There was a lot of chatter before Sunday night’s Grammy Awards about what sort of tribute the production would give to Whitney Houston, who died in Los Angeles the day before the performance. There was a lot of chatter during, and I’m sure after, the show about whether the tribute the awards gave was enough. The Grammys began as planned with Bruce Springsteen playing his new single; host L.L. Cool J acknowledged Whitney’s loss, and a couple hours later—arguably the ceremony’s climax—Jennifer Hudson delivered an emotionally demolishing read of Whitney’s signature song, “I Will Always Love You.”

(ARCHIVEWhitney Houston, the Prom Queen of Soul)

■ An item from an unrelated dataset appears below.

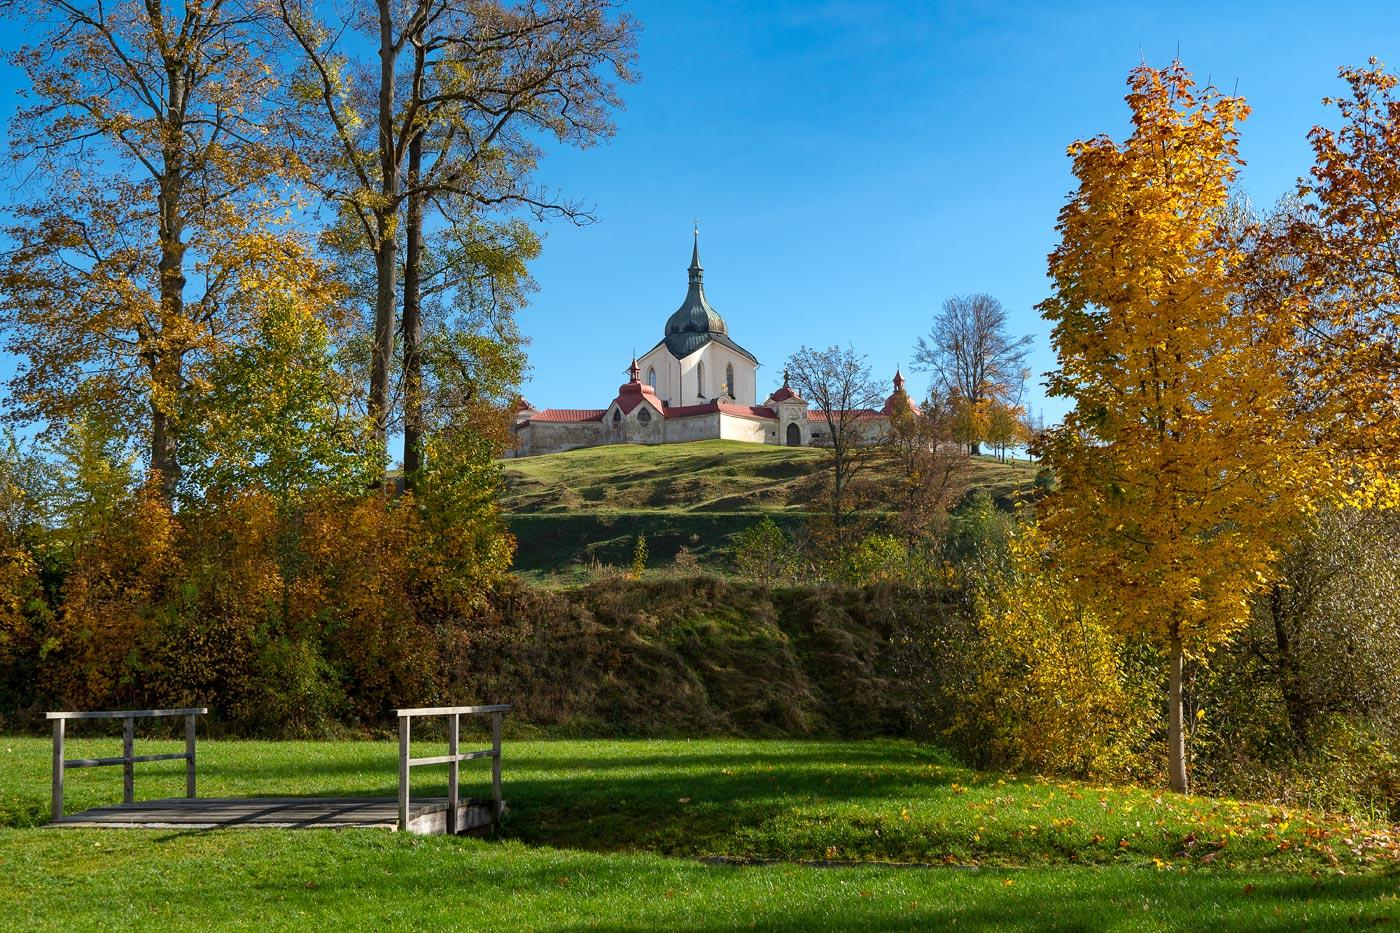 Паломнический костел Святого Яна Непомукского,  Зелена Гора (Zelená hora)

But arguably the biggest nod to Houston’s legacy at the Grammys was in the awards themselves. Music lost one of its most legendary divas over the weekend, but it remembered her at a show that was showcased the forceful women who had dominated the year in music, among them an incendiary Rihanna, a confident Taylor Swift, a delightfully insane Nicki Minaj and, of course, Adele, who owned the major categories. It was fitting, if coincidental, that Houston’s tribute night should be such a statement of how central female voices were to pop music in the last year. (The jarringly dissonant element last night was the industry’s lavishing the “comeback” treatment on Chris Brown, who just a few years ago beat up one of the night’s star performers, his then-girlfriend Rihanna.)

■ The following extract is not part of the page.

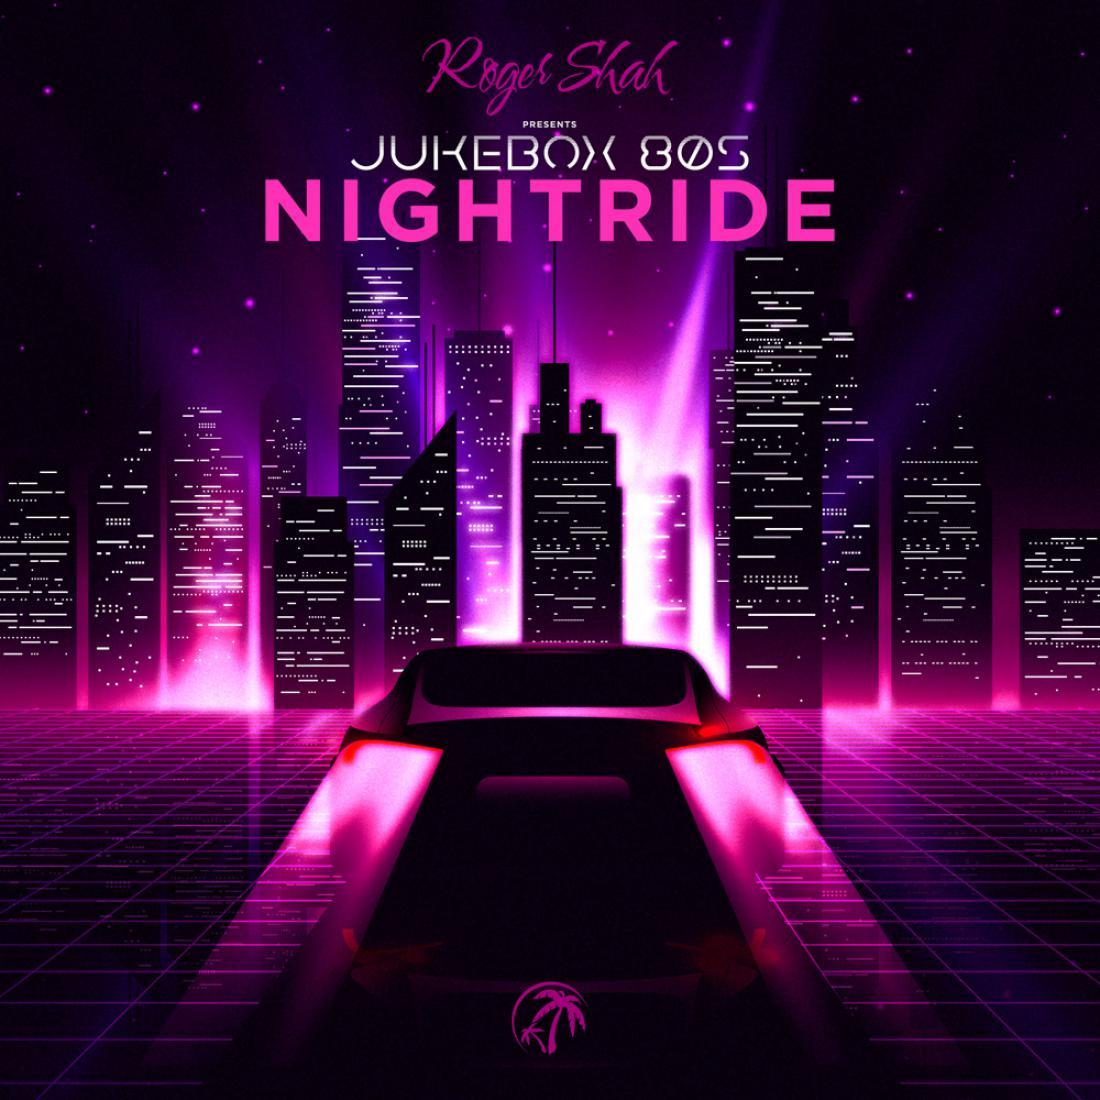 Roger Shah prezentuje JUKEBOX 80S Nightride

It was fitting in another way to see the salute to Houston delivered by J-Hud, who was launched as a contestant (albeit one ejected too early) on American Idol. Houston has always been one of Idol’s ideal benchmarks, an Everest of pop divahood that countless Idol contestants have tried to emulate (and have often been warned by judges against trying to imitate). I’m sure American Idol would have existed with or without Whitney Houston, but it’s hard to imagine it without her influence—the way she molded both the athletic vocal styles of many of the contestants and shaped the image of what a diva performs like. And Idol itself had a sizable presence on stage last night, with not just Hudson but Kelly Clarkson and Carrie Underwood having performances.

Before the show began, viewers were wondering whether Houston’s death would change and consume the entire show. As it turned out, the Grammy tribute to was limited and restrained. But in another way, she was everywhere last night—as she no doubt will be in pop performances, and on episodes of Idol and The Voice, for years to come.